Aim Understanding the environmental factors determining the establishment of invasive populations is a crucial issue in the study of biological invasions. By taking into account the uncertainty of predictions, ensembles of niche-based models can provide useful information. Therefore, we explored the use of consensus techniques to generate a quantitative description of the environmental conditions favouring the establishment of four problematic invasive decapods: Cherax destructor, Eriocheir sinensis, Pacifastacus leniusculus and Procambarus clarkii.

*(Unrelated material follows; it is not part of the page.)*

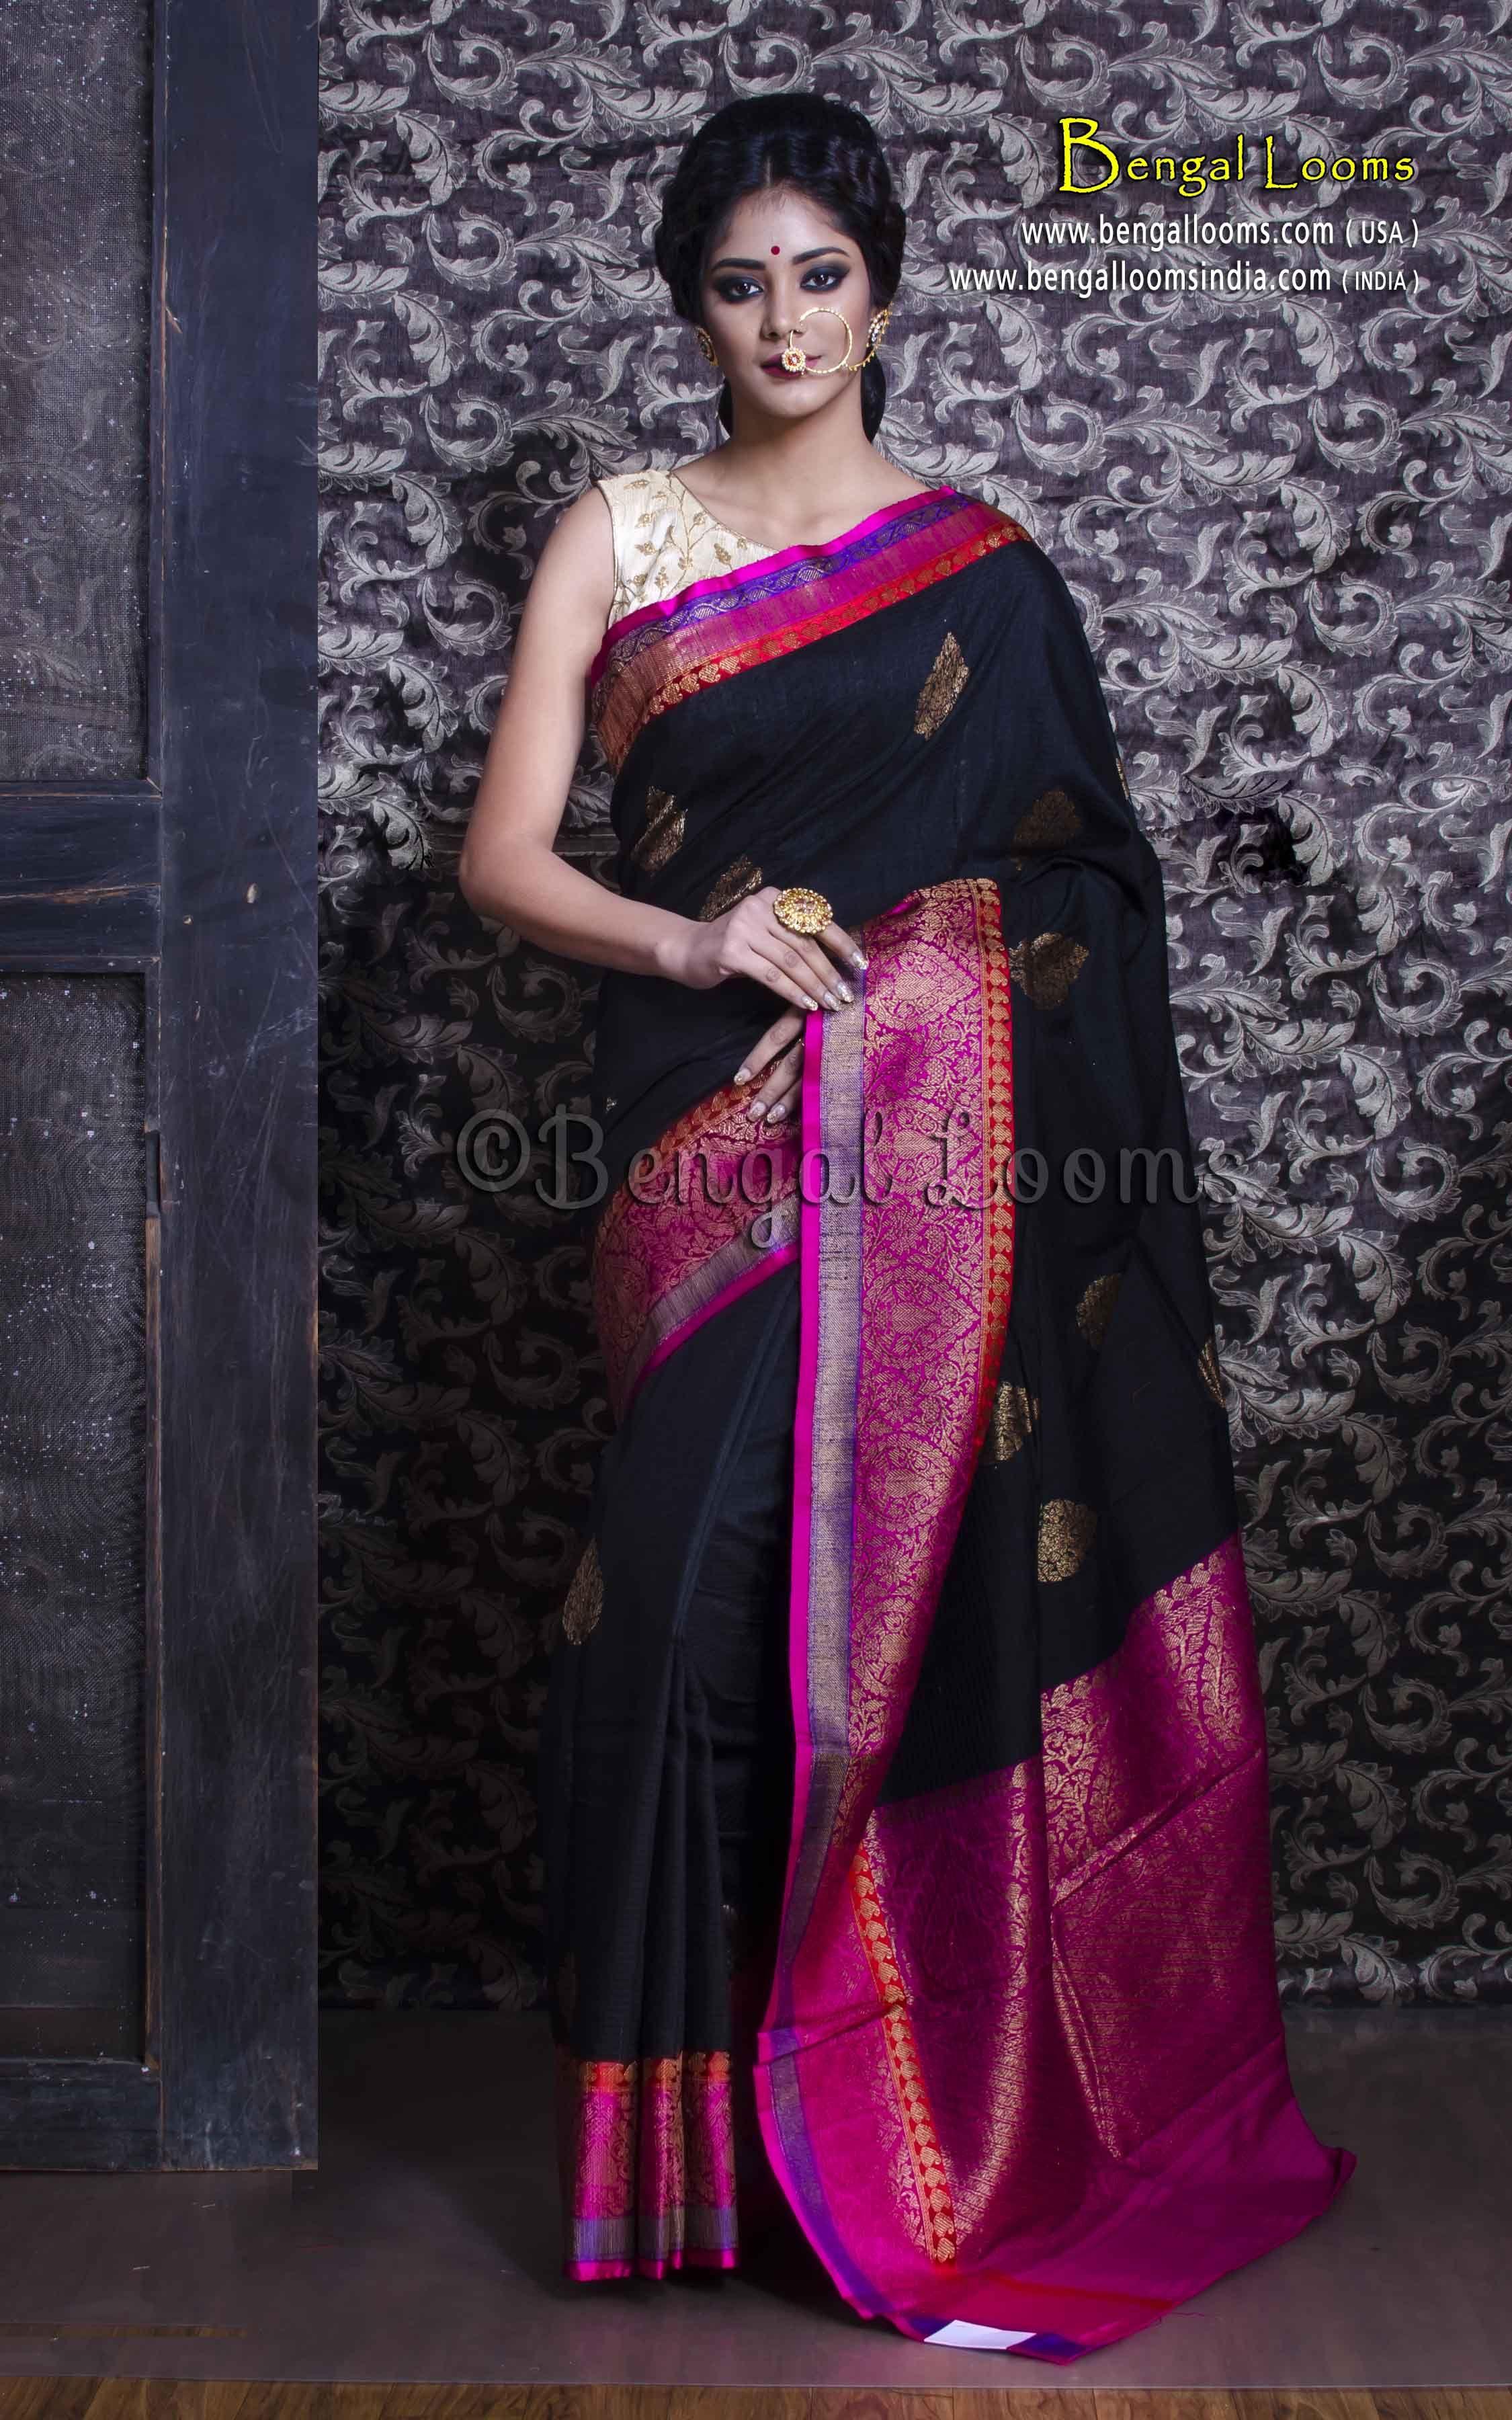 f5bd5e15a0 Pure Handloom Tussar Silk Banarasi Saree in Black and Magenta ...

Location Iberian Peninsula.
Methods We collected both native and invasive distribution records from multiple sources. From these data, we modelled the potential distribution of the four decapod species using eight correlative models comprising regression, classification and machine learning methods. The relative influence of the environmental variables in single models was averaged to achieve a consensus contribution of the variables. Ecological requirements were investigated by means of consensus suitability curves, a spatial analysis procedure that shows the variation of consensus suitability along the gradients of environmental variables.
Results The predictive accuracy of single models ranged from fair to very good. Still, the variability between predictions was high. Similarly, the influence of each variable in different models was also uneven. Consensus analysis identified the variables related to temperature as highly influential for all invaders. Consensus suitability curves show that C. destructor and Procambarus clarkii have reduced suitability in colder areas whereas the suitability for P. leniusculus is greatly reduced in warmer areas. The distance to the ocean was highly influential in E. sinensis models, with suitability showing an exponential decay as distance increased.
Main conclusions We show that the information about the species–environment relationships obtained from niche-based models is highly dependent on the characteristics of the models used. In this context, we demonstrate that ensembles of models and consensus approaches can be used to identify such relationships while also allowing the assessment of the uncertainty of the achieved knowledge.